'''
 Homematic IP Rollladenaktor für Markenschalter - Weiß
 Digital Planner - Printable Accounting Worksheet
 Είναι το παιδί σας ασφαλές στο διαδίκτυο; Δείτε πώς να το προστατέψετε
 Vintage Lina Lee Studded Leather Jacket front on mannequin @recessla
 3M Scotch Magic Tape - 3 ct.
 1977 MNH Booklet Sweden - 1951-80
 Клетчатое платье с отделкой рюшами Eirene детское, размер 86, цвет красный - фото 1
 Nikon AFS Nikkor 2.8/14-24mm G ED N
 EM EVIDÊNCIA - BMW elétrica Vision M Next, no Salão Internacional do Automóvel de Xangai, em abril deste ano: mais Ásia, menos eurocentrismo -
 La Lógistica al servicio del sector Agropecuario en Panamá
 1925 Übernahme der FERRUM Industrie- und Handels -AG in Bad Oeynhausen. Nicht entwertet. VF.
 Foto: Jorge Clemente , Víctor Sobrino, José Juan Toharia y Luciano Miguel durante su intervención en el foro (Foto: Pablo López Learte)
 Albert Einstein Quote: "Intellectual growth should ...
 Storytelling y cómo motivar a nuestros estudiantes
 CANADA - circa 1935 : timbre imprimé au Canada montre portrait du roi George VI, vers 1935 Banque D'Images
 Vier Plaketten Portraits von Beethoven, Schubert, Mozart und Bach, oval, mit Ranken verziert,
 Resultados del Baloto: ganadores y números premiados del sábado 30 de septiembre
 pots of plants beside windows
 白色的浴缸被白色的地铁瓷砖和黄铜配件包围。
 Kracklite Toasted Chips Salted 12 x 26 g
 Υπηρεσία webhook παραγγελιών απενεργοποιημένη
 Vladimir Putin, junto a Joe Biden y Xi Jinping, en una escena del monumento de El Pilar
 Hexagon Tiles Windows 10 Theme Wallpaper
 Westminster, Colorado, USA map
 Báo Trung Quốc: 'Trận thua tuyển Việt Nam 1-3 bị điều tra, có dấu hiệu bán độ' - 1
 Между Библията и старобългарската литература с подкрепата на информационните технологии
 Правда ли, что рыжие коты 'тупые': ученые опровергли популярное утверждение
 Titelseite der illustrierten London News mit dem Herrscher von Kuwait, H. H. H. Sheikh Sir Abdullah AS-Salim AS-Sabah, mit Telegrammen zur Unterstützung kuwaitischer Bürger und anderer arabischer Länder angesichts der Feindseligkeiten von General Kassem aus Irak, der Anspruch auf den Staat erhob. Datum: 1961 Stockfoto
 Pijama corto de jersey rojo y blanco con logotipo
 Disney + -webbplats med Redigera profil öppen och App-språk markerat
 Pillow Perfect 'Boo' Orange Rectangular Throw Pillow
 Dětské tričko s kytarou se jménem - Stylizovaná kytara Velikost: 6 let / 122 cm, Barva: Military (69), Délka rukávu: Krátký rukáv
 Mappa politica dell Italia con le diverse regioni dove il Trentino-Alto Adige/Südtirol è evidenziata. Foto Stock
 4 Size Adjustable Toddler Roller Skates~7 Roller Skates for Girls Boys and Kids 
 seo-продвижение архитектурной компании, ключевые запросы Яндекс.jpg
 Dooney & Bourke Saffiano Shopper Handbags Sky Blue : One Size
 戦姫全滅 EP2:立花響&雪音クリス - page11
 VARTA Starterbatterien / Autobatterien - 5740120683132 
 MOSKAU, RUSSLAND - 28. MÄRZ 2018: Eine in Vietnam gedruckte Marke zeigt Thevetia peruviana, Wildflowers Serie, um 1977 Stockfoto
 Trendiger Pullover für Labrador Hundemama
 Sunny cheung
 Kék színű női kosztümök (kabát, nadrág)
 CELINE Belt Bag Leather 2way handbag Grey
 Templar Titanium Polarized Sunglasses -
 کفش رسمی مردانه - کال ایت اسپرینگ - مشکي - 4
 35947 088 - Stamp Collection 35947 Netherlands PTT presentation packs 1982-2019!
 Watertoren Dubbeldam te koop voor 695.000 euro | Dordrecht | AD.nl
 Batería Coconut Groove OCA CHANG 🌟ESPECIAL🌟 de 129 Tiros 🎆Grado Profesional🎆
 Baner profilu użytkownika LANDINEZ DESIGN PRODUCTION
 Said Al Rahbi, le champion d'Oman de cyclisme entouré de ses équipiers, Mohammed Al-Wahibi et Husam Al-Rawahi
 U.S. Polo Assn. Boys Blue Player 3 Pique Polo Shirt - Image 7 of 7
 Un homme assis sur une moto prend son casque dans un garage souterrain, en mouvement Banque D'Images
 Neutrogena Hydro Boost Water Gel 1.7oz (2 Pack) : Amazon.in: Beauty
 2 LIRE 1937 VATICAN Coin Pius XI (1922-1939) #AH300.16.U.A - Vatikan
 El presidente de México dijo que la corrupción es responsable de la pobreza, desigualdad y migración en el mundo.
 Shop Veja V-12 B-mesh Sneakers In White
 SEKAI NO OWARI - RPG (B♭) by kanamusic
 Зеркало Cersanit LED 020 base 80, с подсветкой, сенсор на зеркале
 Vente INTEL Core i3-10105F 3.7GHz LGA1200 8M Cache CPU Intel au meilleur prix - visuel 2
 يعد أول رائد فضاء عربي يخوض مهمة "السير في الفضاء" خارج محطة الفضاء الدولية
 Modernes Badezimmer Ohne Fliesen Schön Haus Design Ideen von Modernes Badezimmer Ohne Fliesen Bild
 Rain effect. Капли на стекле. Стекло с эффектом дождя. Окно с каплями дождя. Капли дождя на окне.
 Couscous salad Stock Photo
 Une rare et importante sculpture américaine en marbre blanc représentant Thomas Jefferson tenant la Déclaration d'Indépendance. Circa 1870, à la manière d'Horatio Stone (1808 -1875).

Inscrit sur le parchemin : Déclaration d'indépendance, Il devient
'''
● Instructions for the task
Only the number is wanted: how many lines in the entries above contain the string "Boys"?

● Result for this task
2